Top of DATA RECORDS
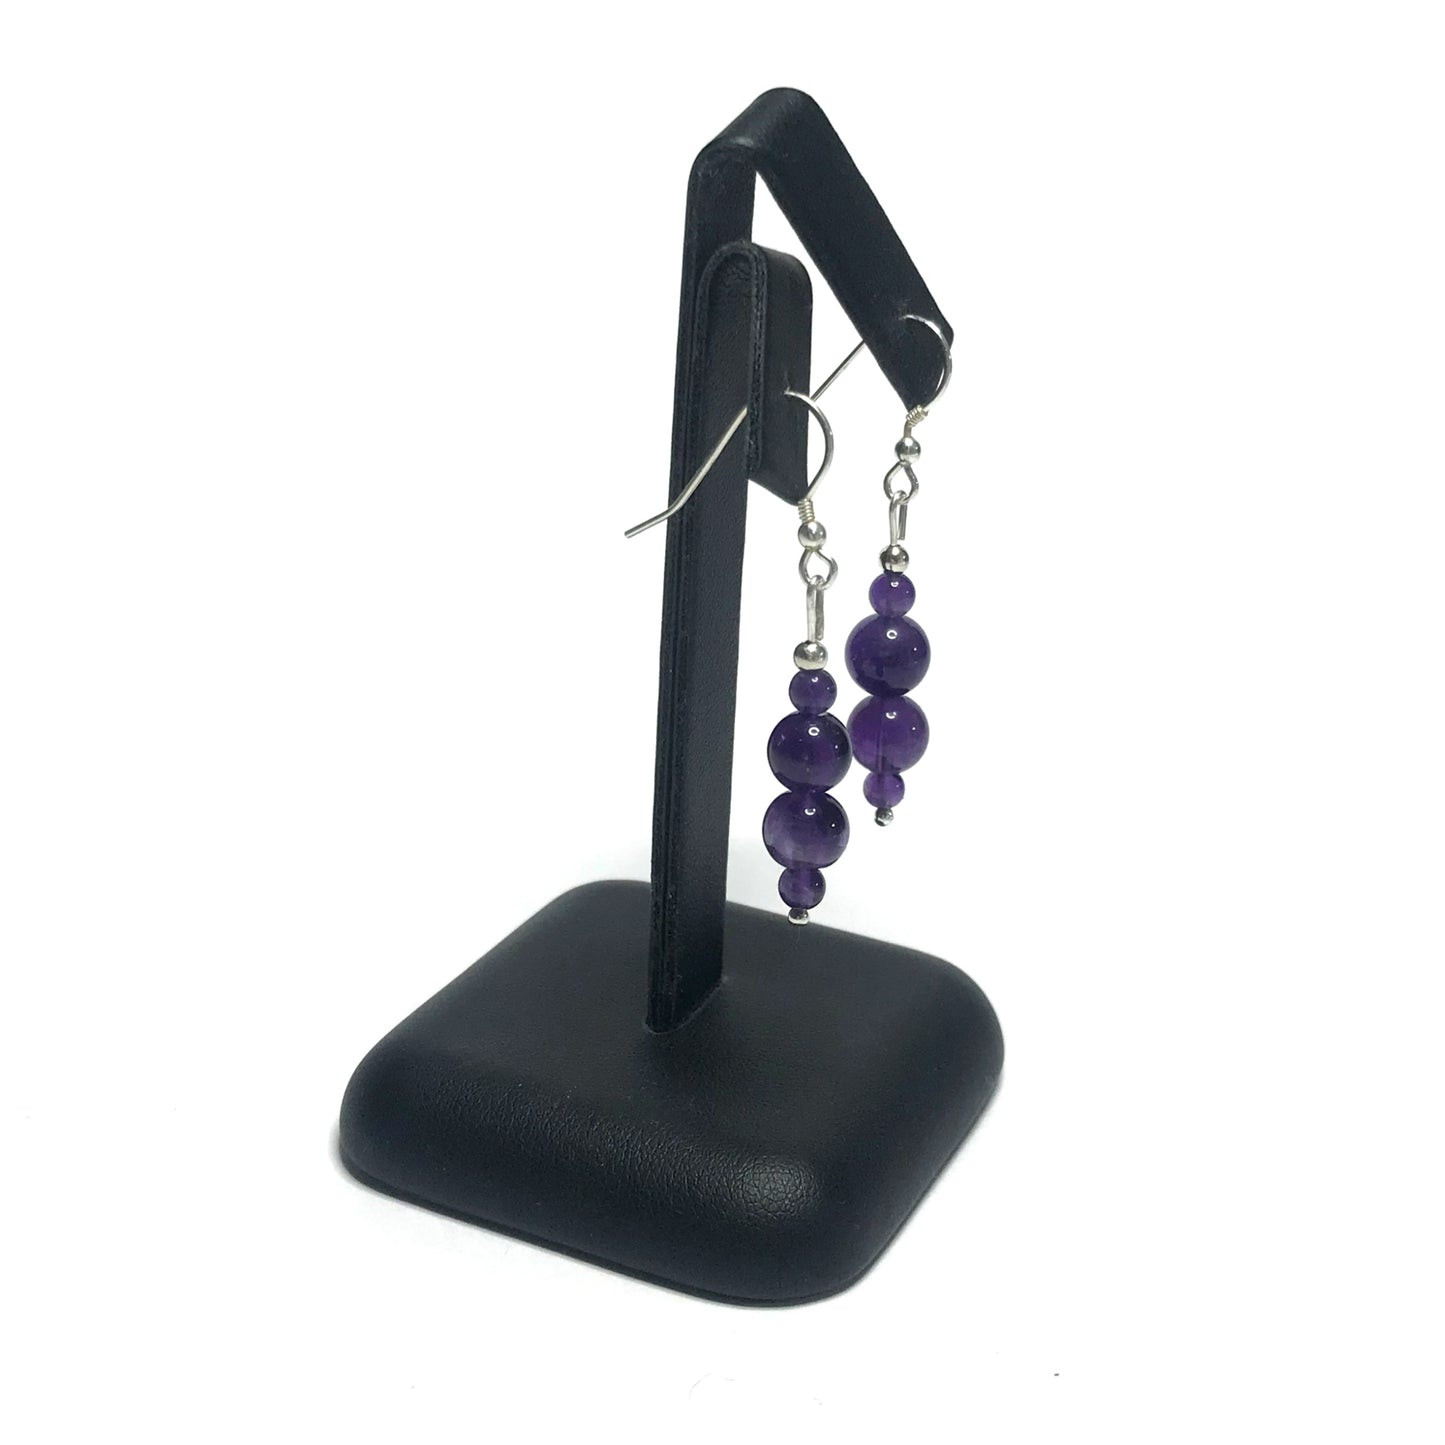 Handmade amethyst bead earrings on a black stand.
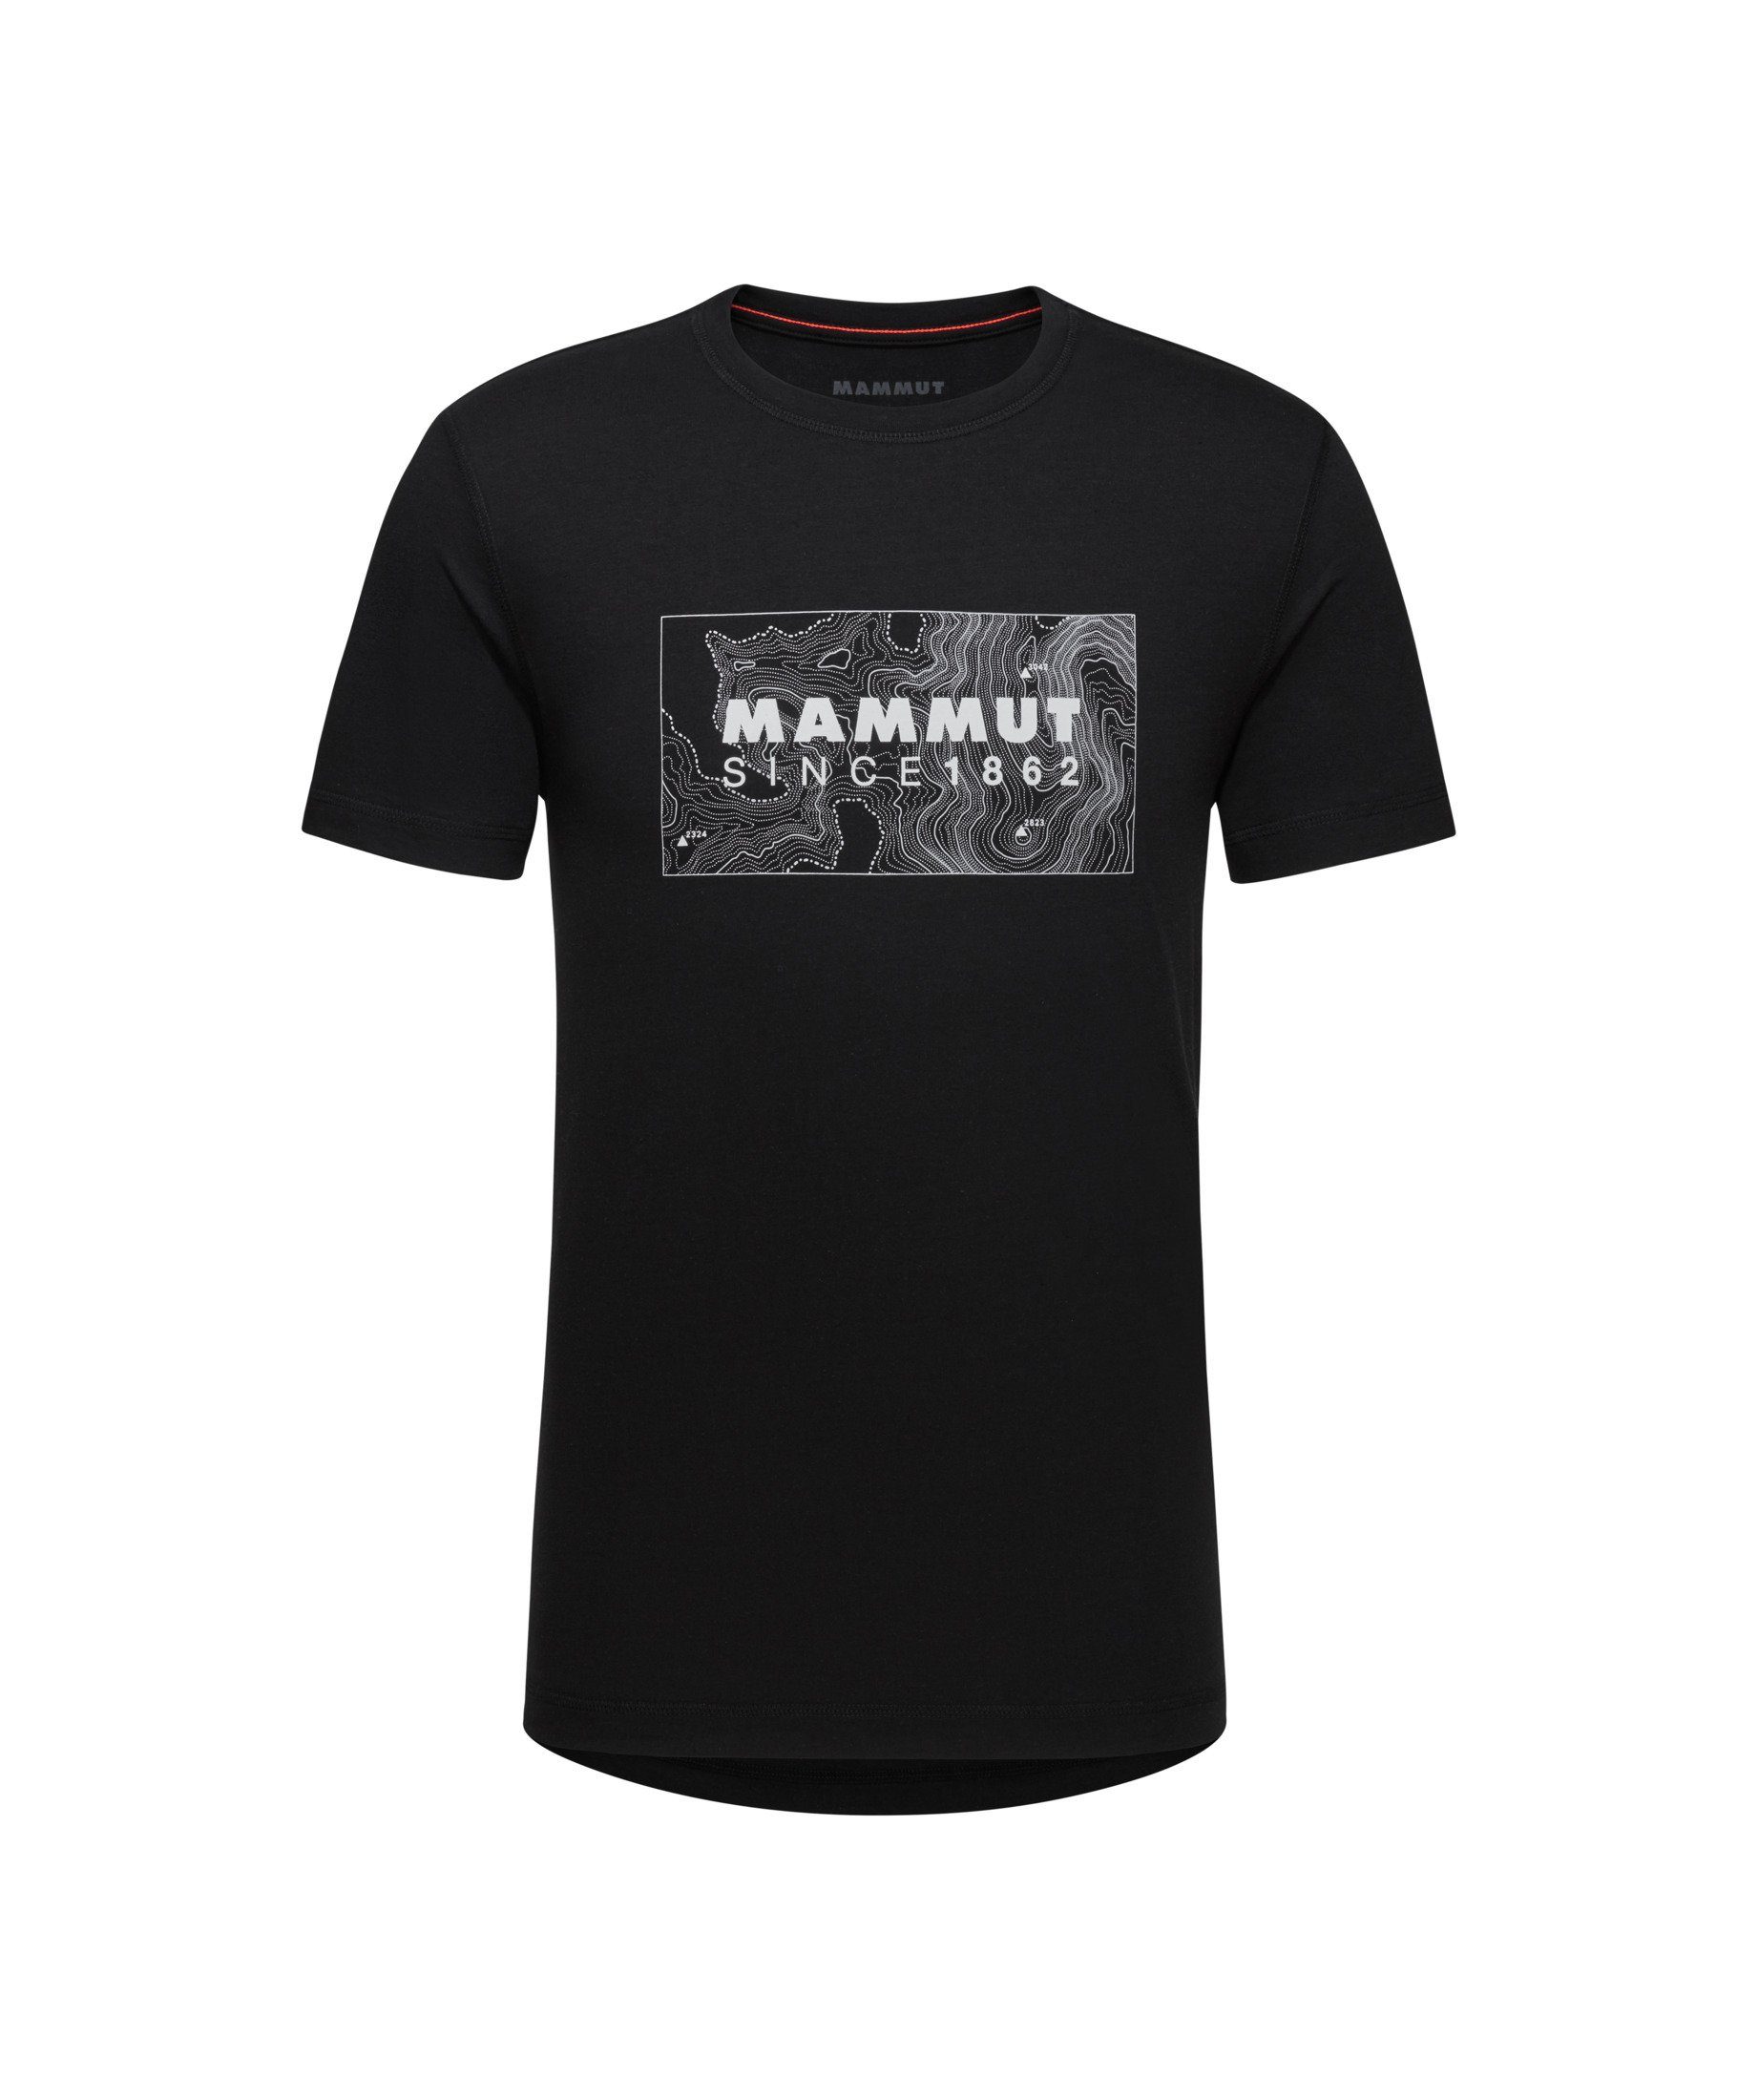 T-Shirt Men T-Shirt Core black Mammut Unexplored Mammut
Bottom of DATA RECORDS
Top of DATA RECORDS
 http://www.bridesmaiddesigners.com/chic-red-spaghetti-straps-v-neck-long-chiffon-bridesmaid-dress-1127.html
Bottom of DATA RECORDS
INSTRUCTIONS TO FOLLOW ▸ Above are entries with pictures among them. Write out exactly the lines from the one containing "Handmade amethyst bead" through the one containing "T-Shirt Men T-Shirt", ends included, and leave those pictures out.

EXPECTED OUTPUT ▸
 Handmade amethyst bead earrings on a black stand.
 T-Shirt Men T-Shirt Core black Mammut Unexplored Mammut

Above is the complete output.